The crux of his argument is that pure T4 therapy is optimal only for a minority, but going too high with T3 supplementation in relation to T4 is also bad long term and will cause people to crash as it pushes TSH too low and depletes T4. He thinks the ratio in NDT is way too high for most and for most the optimal ratio to supplement will be closer to 67 : 1 than 5 : 1 T4/T3.

This also means that ideal amounts of T3 will be far lower than what is found in most pills, this is the reason many studies find no benefit of added T3 since the dose is at least 10-fold higher than the ideal. He thinks most people should not get more than 0.5 - 1.5 mcg T3 per day, preferably in time-release capsules, combined with 25-50 mcg of T4.

Also that the main reason why people feel bad with too much T4 is that it suppresses TSH too much which reduces tissue T4->T3 conversion, its not related to rT3.

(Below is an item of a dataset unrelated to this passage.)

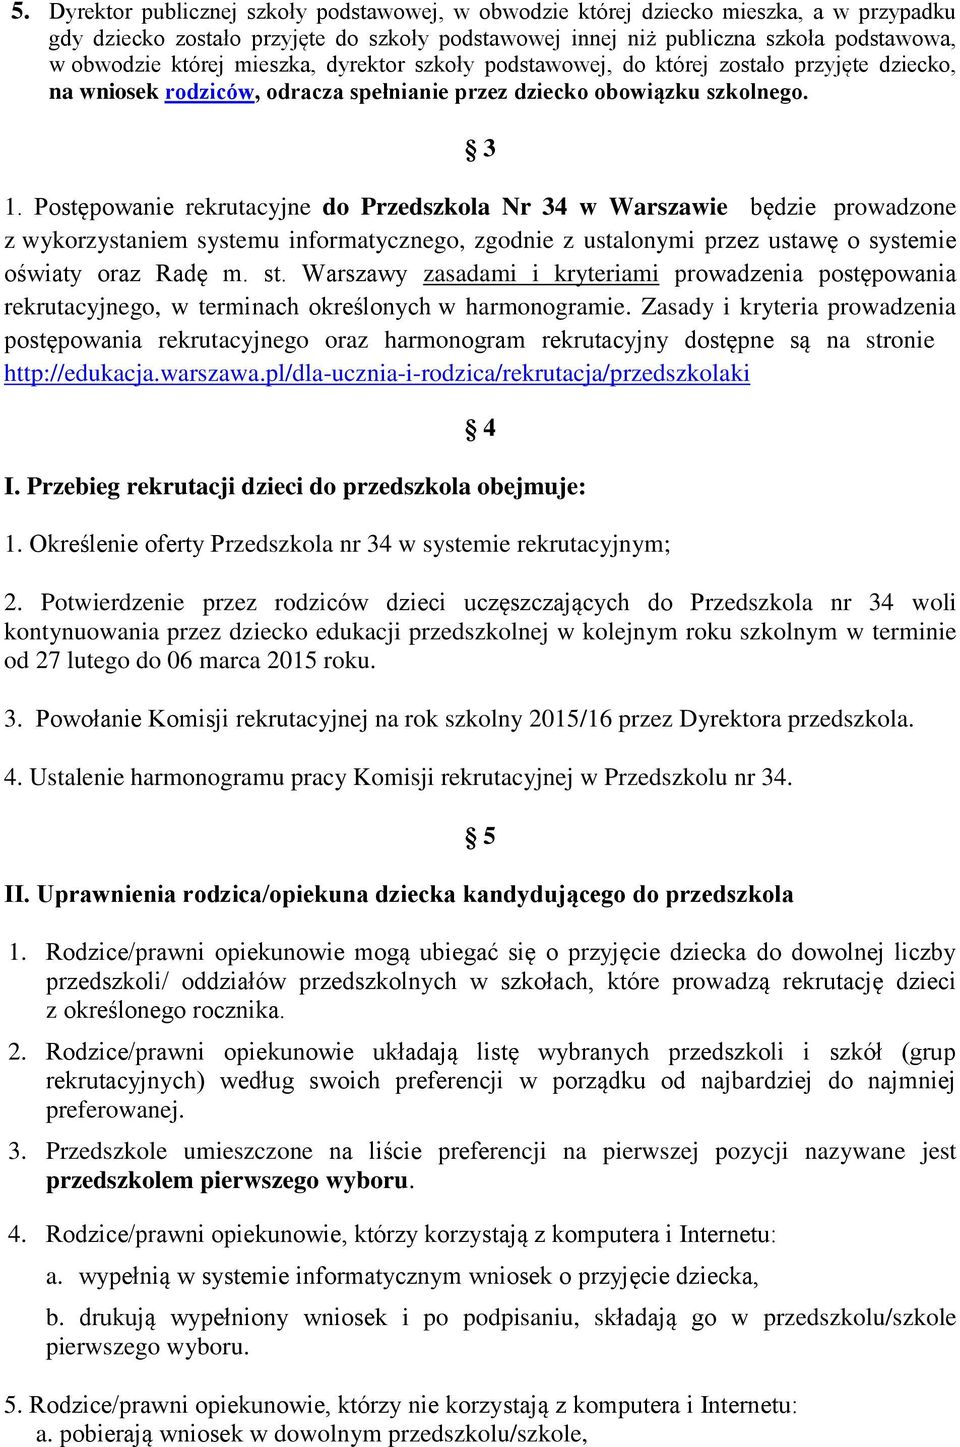 Postępowanie rekrutacyjne do Przedszkola Nr 34 w Warszawie będzie prowadzone z wykorzystaniem systemu informatycznego, zgodnie z ustalonymi przez ustawę o systemie oświaty oraz Radę m. st.

Also thinks its better to take T4 at dinnertime to improve sleep and reduce tendency to weight gain.

Thoughts on his book? Has anyone tried his approach to treat hypo? He's also big on time-release T3 capsules but these seem not to be that readily available.

View attachment 17789

Timed released T3 would be awesome. Have fun finding em. T3 has a shorter 1/2 life so this would help tremendously. I also split my ERFA dose to twice daily.

 

[Lucas]

Taking NDT with food is not the same as a slowdigesting T3?

 

[Elize]

Where can we get Slow release T3? Thanks

 

[thomas00]

"I have only rarely talked to anyone who had good results with the so-called time-release T3, and I have seen analyses of some samples in which there was little or no T3 present. It is hard to compound T3 properly, and the conditions of each person's digestive system can determine whether the T3 is released all at once, or not at all. I don't think there is a valid scientific basis for calling anything "time-release T3."

An Interview With Dr. Raymond Peat: A Renowned Nutritional Counselor Offers His Thoughts About Thyroid Disease / Thyroid Disease Information Source - Articles/FAQs

 

[thomas00]

Cool, so how are you managing to dose such a small amount of T3? Seems difficult when the lowest standard pill is 25mcg. NDT looks easier since there are capsules that go down to 3mcg. Are you using timed-release capsule or regular T3?

if you grind cynomel tablets into powder, one of those red plastic microscoops is ~3mcg

 

[Elize]

I have Mayne Pharma 5 mcg T3 and just cut it into 1/4 pieces

 

[Collden]

I have read the book and found it very insightful.
And up to now, it still remains my reference book on thyroid dosage supplementation.
I sometimes jointly use a software (called SPINA Thyr.) when I take only the T4 hormone, just to figure out how effective is my T4 to T3 conversion and TSH response. And I use body temperature and pulse as well.
The amount of T4 and T3 recommended in this book works like a charm for me.

Was wondering when/how do you take your T4? There are studies that show taking it in the evening gives better absorption than taking it 1h before breakfast, although in all these studies they still have a several hours gap between dinner and T4 intake. Blanchard on the other hand suggests taking it with food is beneficial for weight regulation, and recommends taking it with the evening meal for added sleep benefits, although he also sometimes recommends to take it before breakfast if the patient has no problem with sleep, so I'm confused as to what he actually considered ideal.